# TRY IT
Write the listing below out again word for word, without a single picture.

# DATA
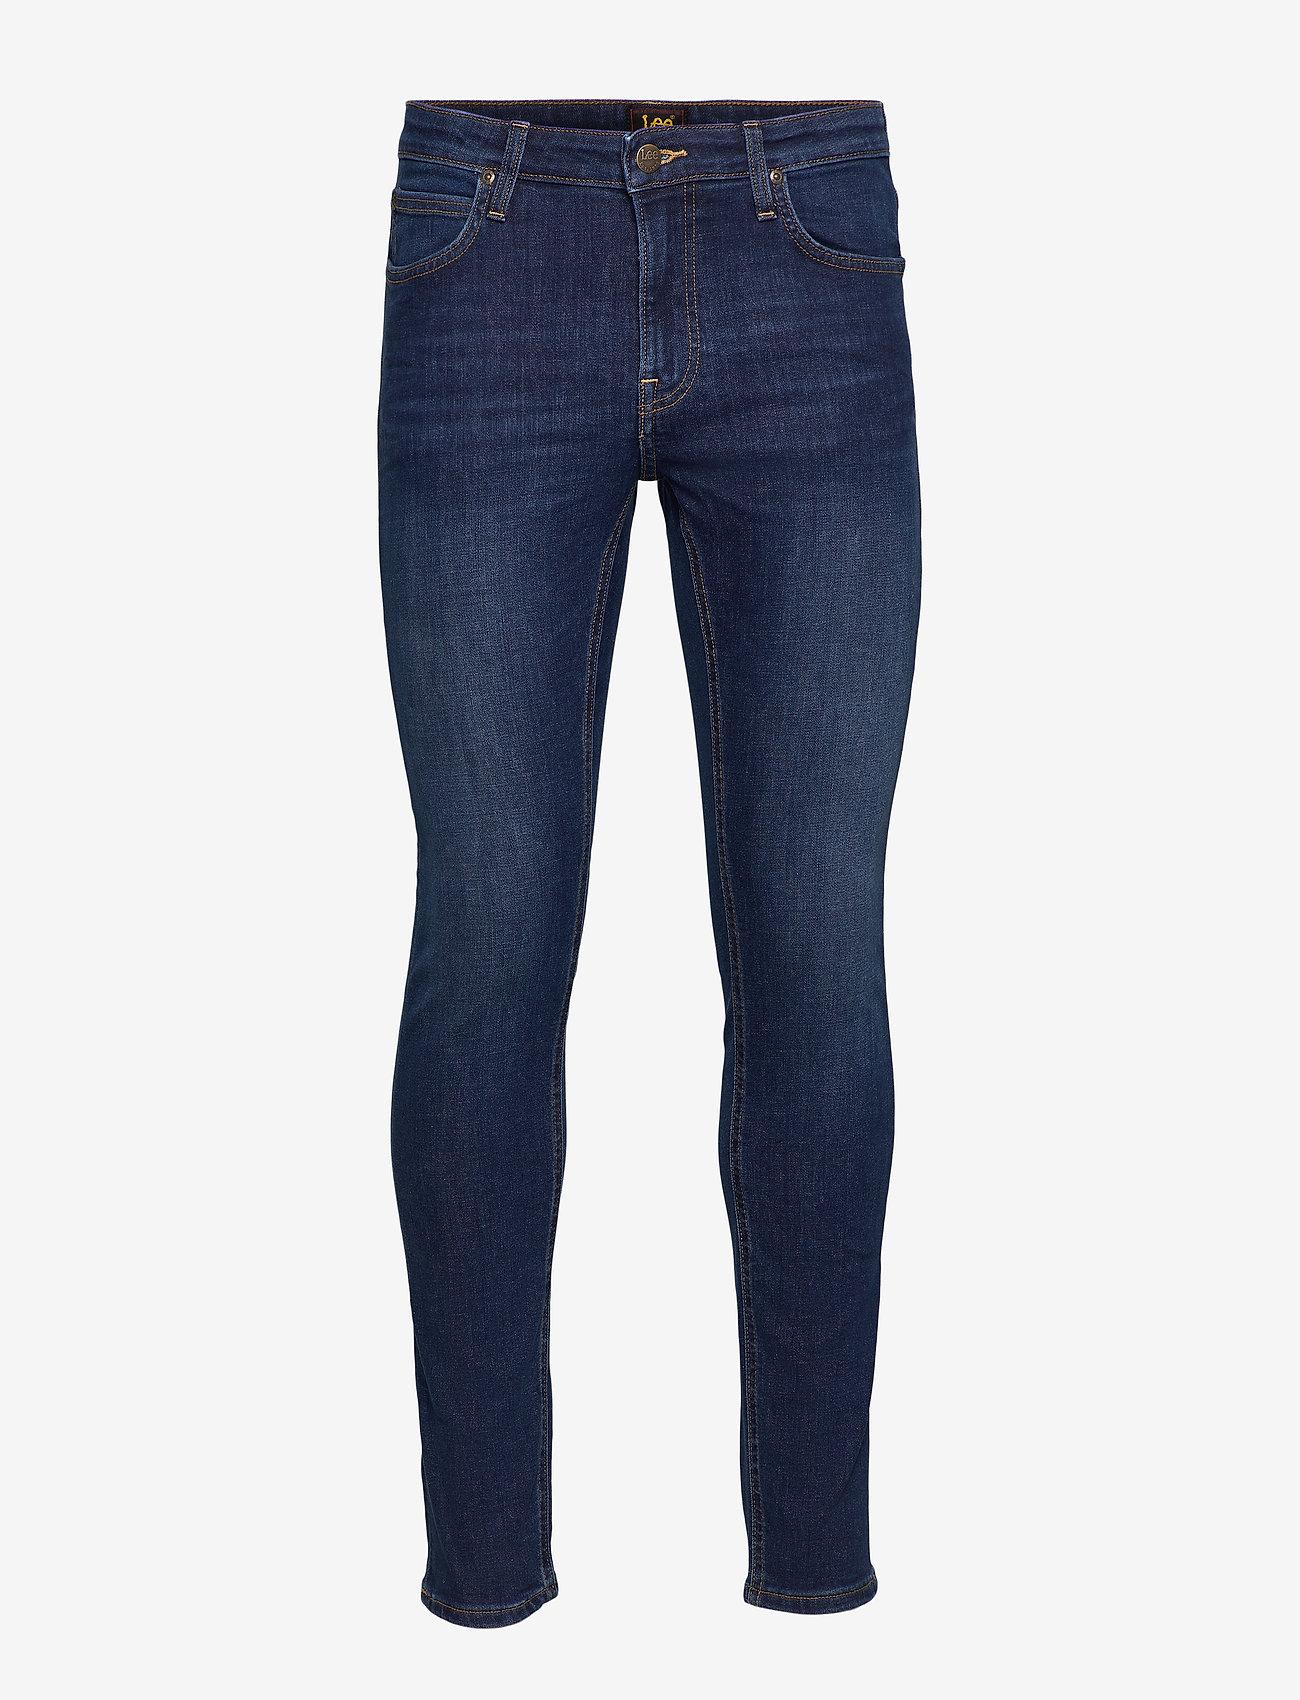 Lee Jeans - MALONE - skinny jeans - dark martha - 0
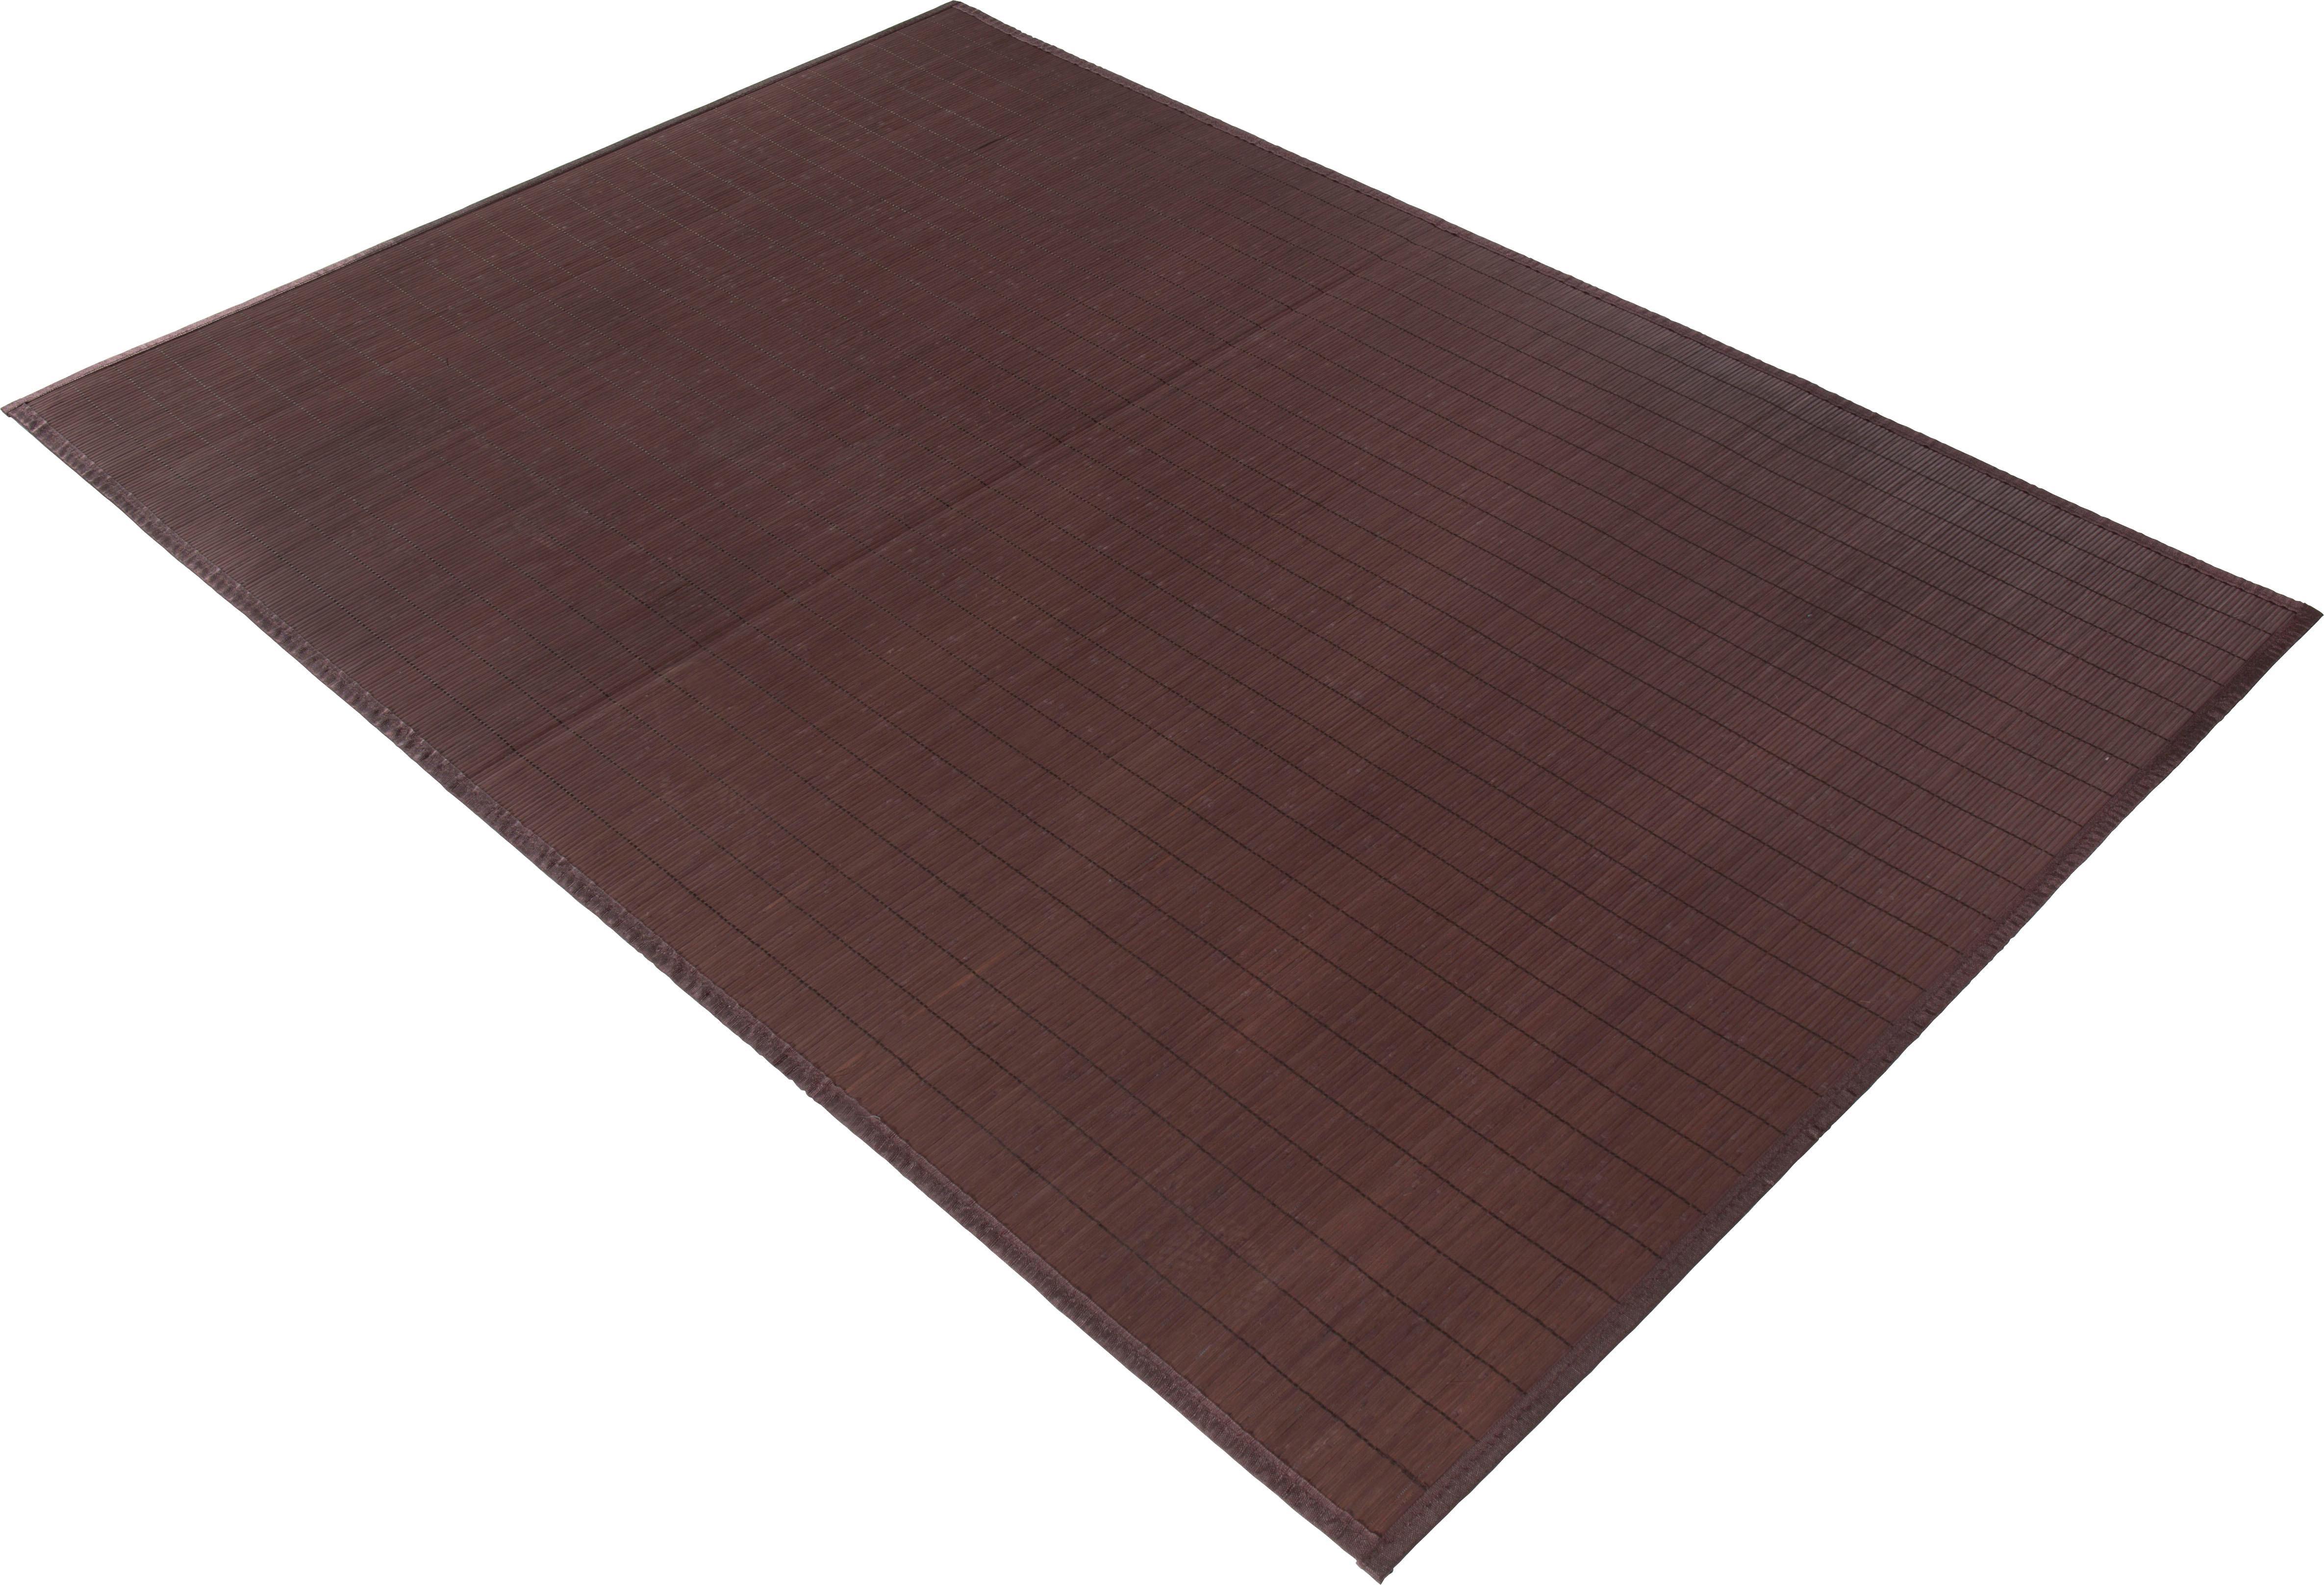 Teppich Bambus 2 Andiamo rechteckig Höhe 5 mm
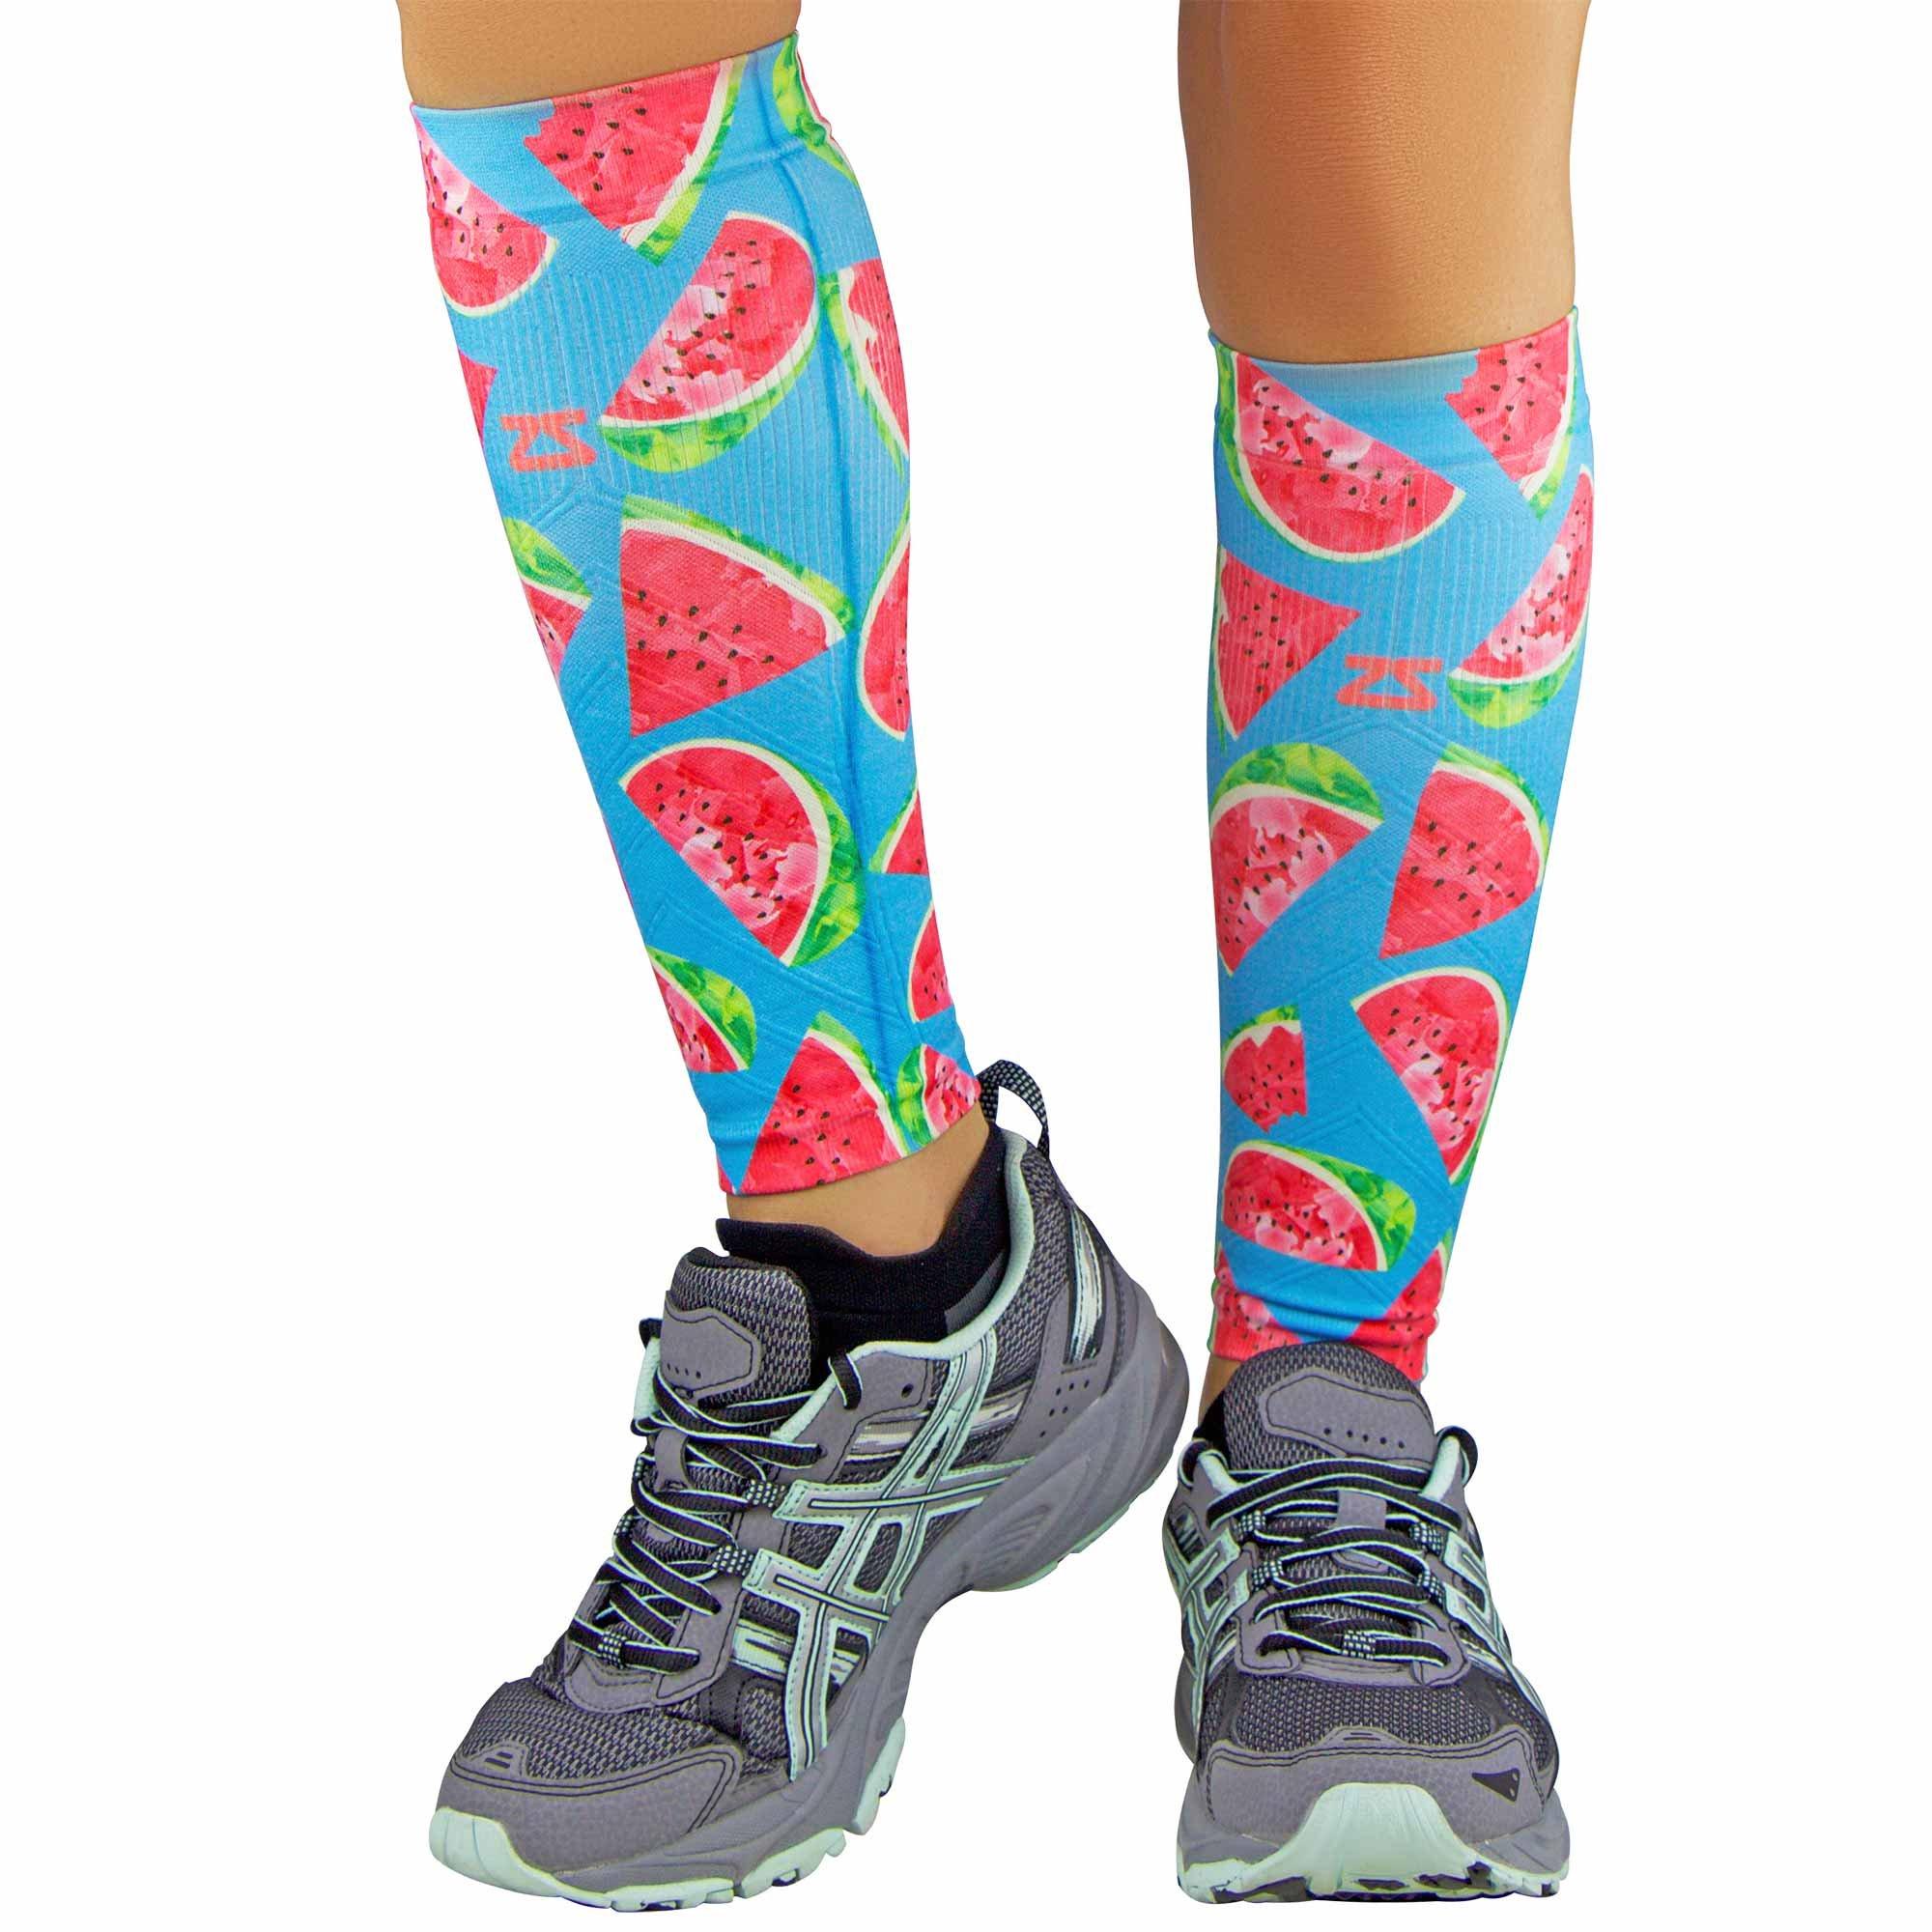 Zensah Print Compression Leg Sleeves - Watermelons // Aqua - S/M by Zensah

# ANSWER
 Lee Jeans - MALONE - skinny jeans - dark martha - 0
 Teppich Bambus 2 Andiamo rechteckig Höhe 5 mm
 Zensah Print Compression Leg Sleeves - Watermelons // Aqua - S/M by Zensah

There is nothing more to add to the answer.